Home » Java » How are Trove collections more efficient than the standard Java collections?

How are Trove collections more efficient than the standard Java collections?

Posted by: admin December 28, 2021 Leave a comment

Questions:

In an interview recently, I was asked about how HashMap works in Java and I was able to explain it well and explain that in the worst case the HashMap may degenerate into a list due to chaining. I was asked to figure out a way to improve this performance but I was unable to do that during the interview. The interviewer asked me to look up “Trove”.

I believe he was pointing to this page. I have read the description provided on that page but still can’t figure out how it overcomes the limitations of the java.util.HashMap.

Even a hint would be appreciated. Thanks!!

Answers:

The key phrase there is open addressing. Instead of hashing to an array of buckets, all the entries are in one big array. When you add an element, if the space for it is already in use you just move down the array to find a free space.

As long as the array is kept sufficiently bigger than the number of entries and the hash function is well distributed it’s possible to keep average lookup times small. And by having one array you can get better performance – it’s more cache friendly.

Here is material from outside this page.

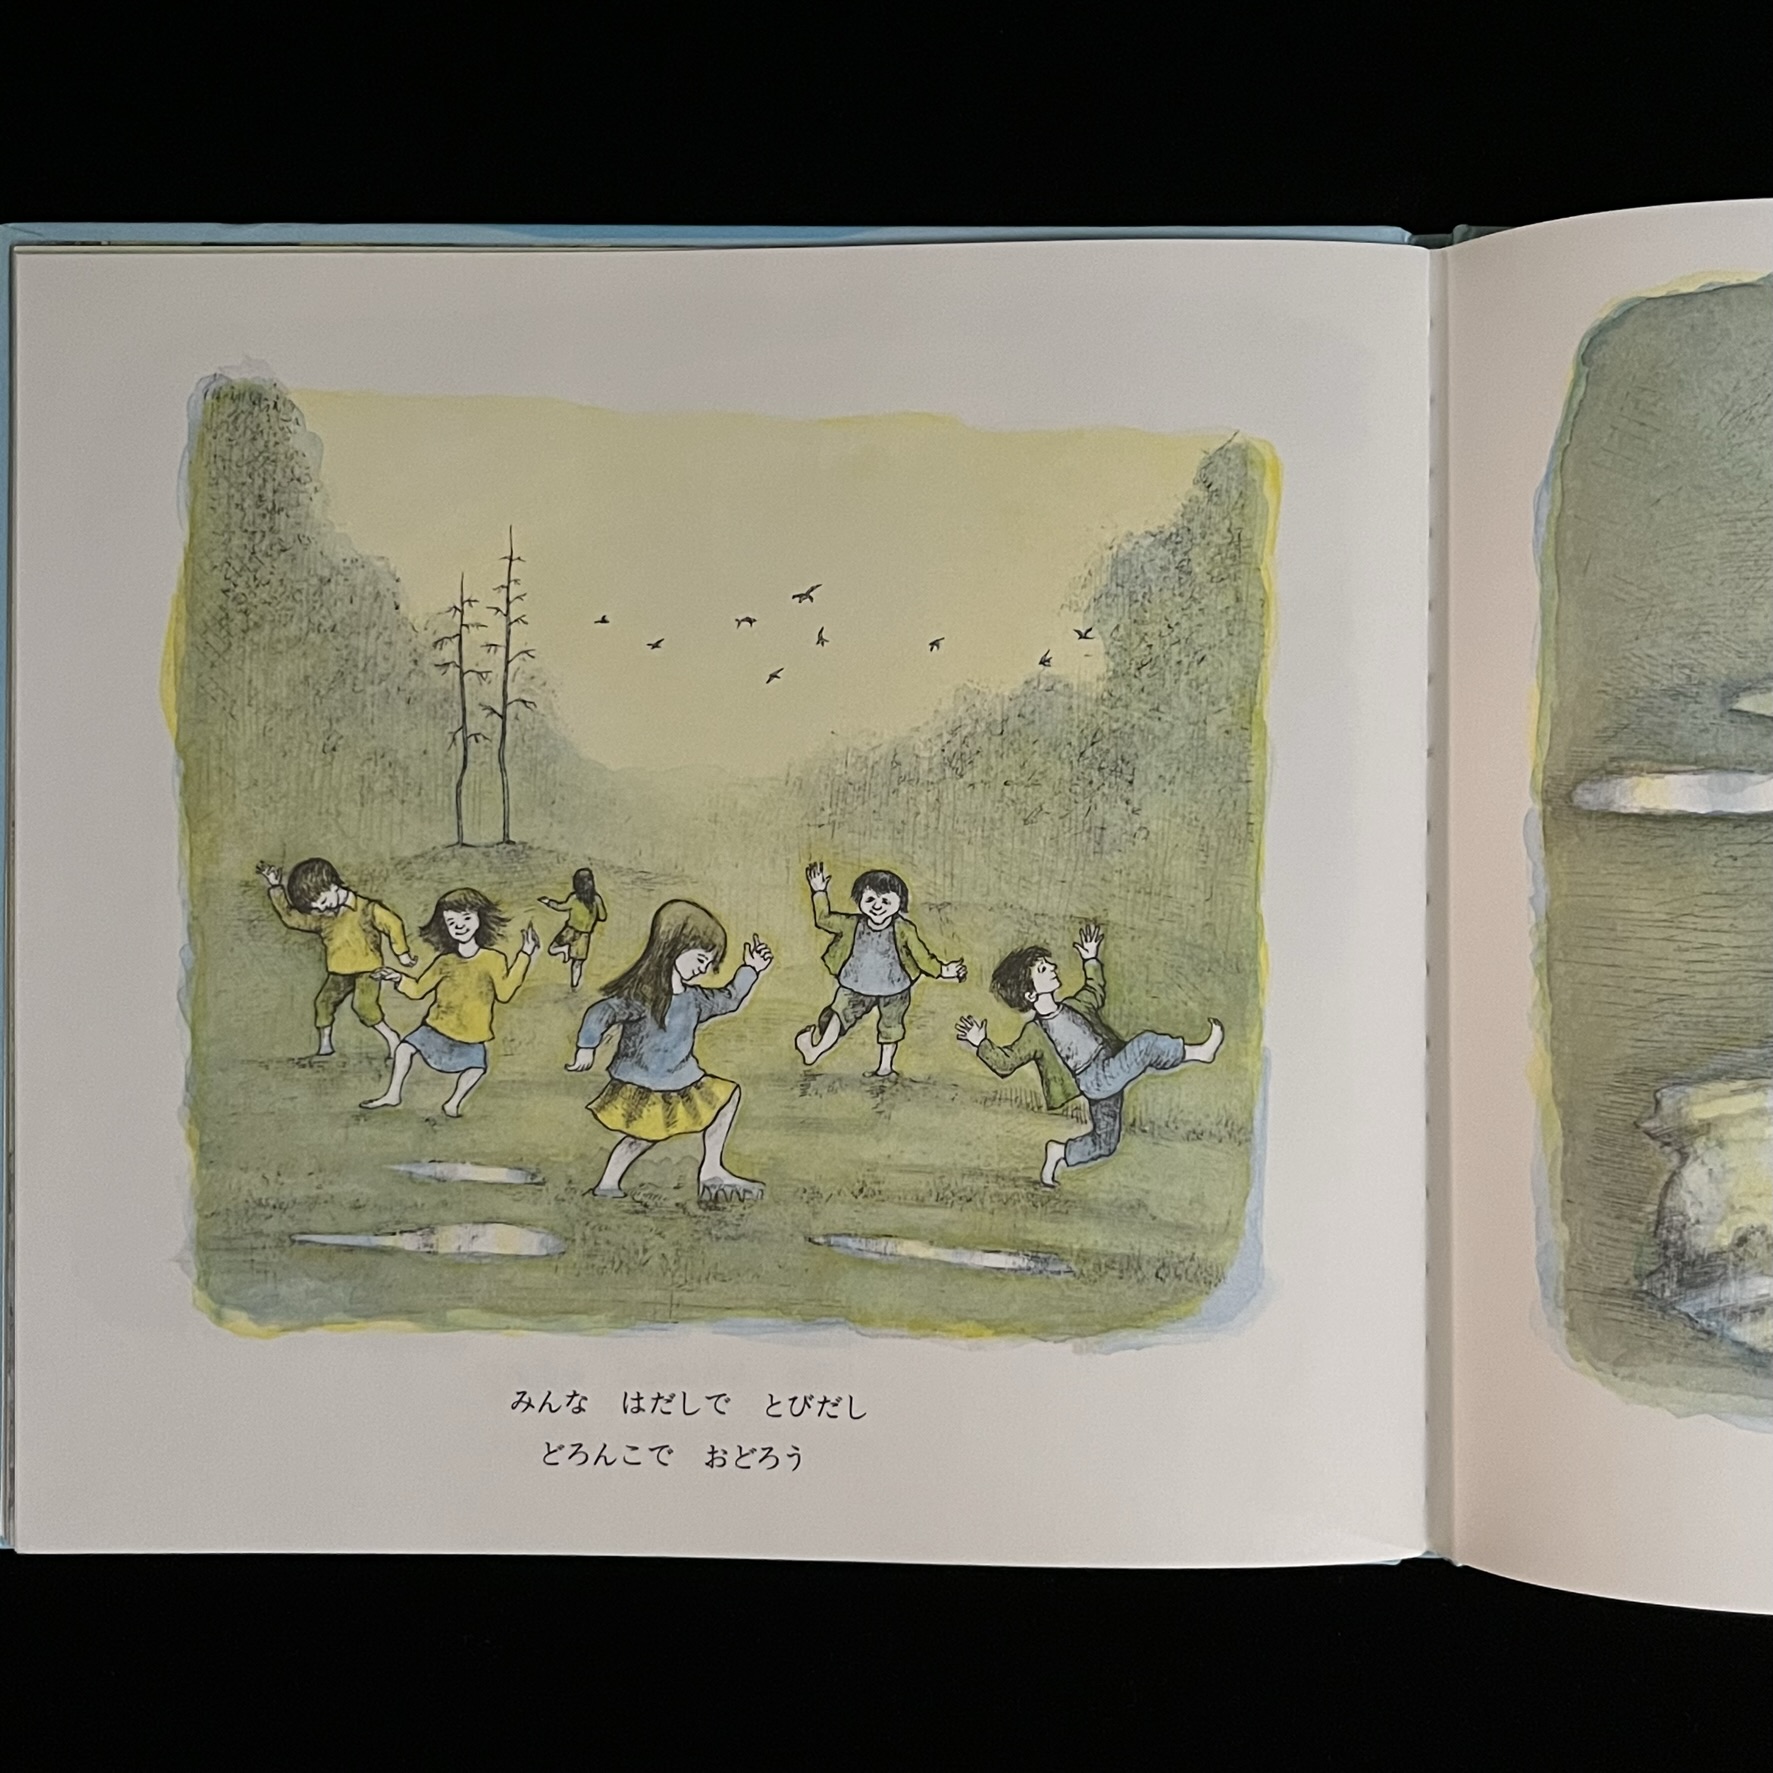 本の中のページの写真。子どもたちが外にでて水たまりのある泥の上で元気にはしゃいでいる
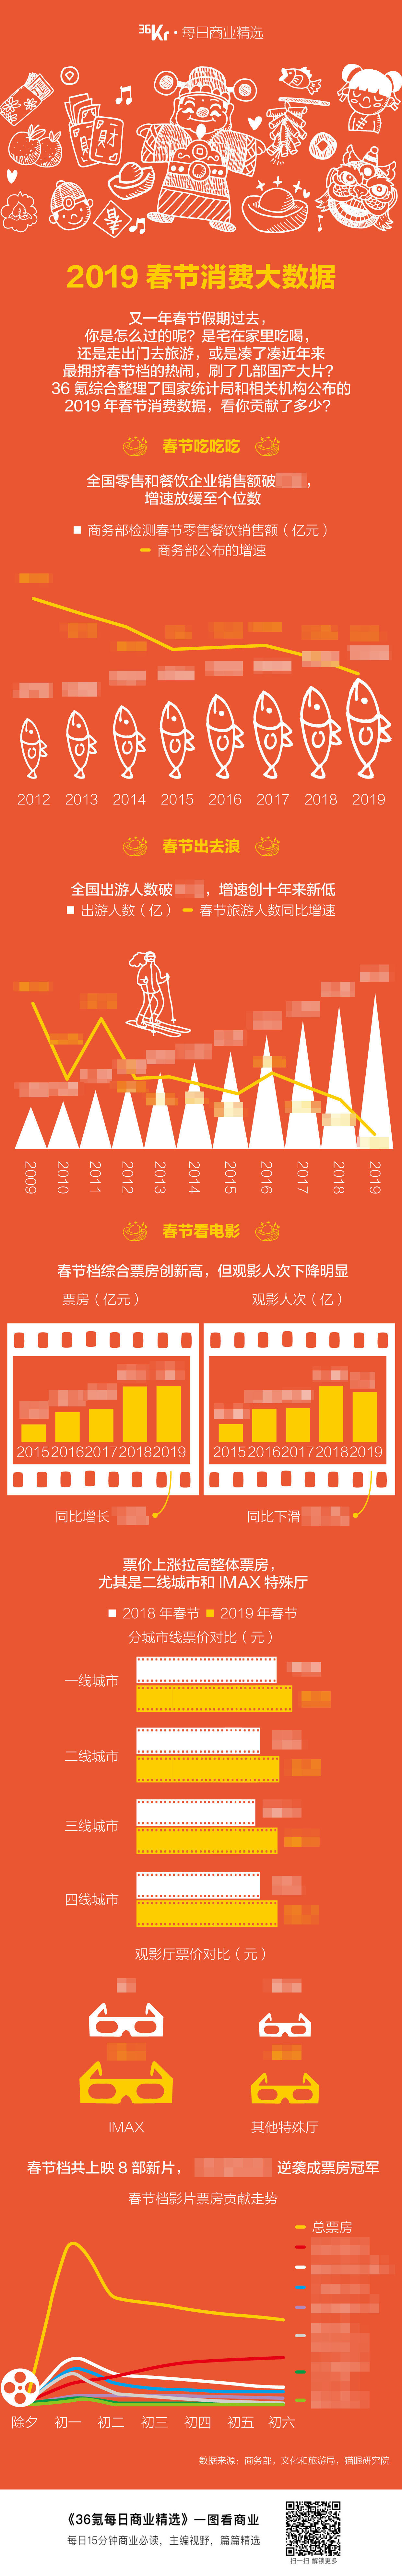 氪星晚报 | 四季度iPhone中国出货量同比降20%​​；京东27亿元收购北京翠宫饭店；《流浪地球》创IMAX国产片票房新高

However it still has worst-case linear behaviour if (say) every key hashes to the same value, so it doesn’t avoid that issue.

###

It seems to me from the Trove page that there are two main differences that improve performance.

The first is the use of open addressing (http://en.wikipedia.org/wiki/Hash_table#Open_addressing). This doesn’t avoid the collision issue, but it does mean that there’s no need to create “Entry” objects for every item that goes in the map.

The second important difference is being able to provide your own hash function, which differs from the one provided by the class of the keys. So you could provide a much faster hash function if it made sense to do so.

###

One advantage of Trove is that it avoids object creation, especially for primitives.
For big hashtables in an embedded java device this can be advantageous due fewer memory consumption.

The other advantage, I saw is the use of custom hash codes / functions without the need to override hashcode(). For a specific data set, and an expert in writing hash functions this can be an advantage.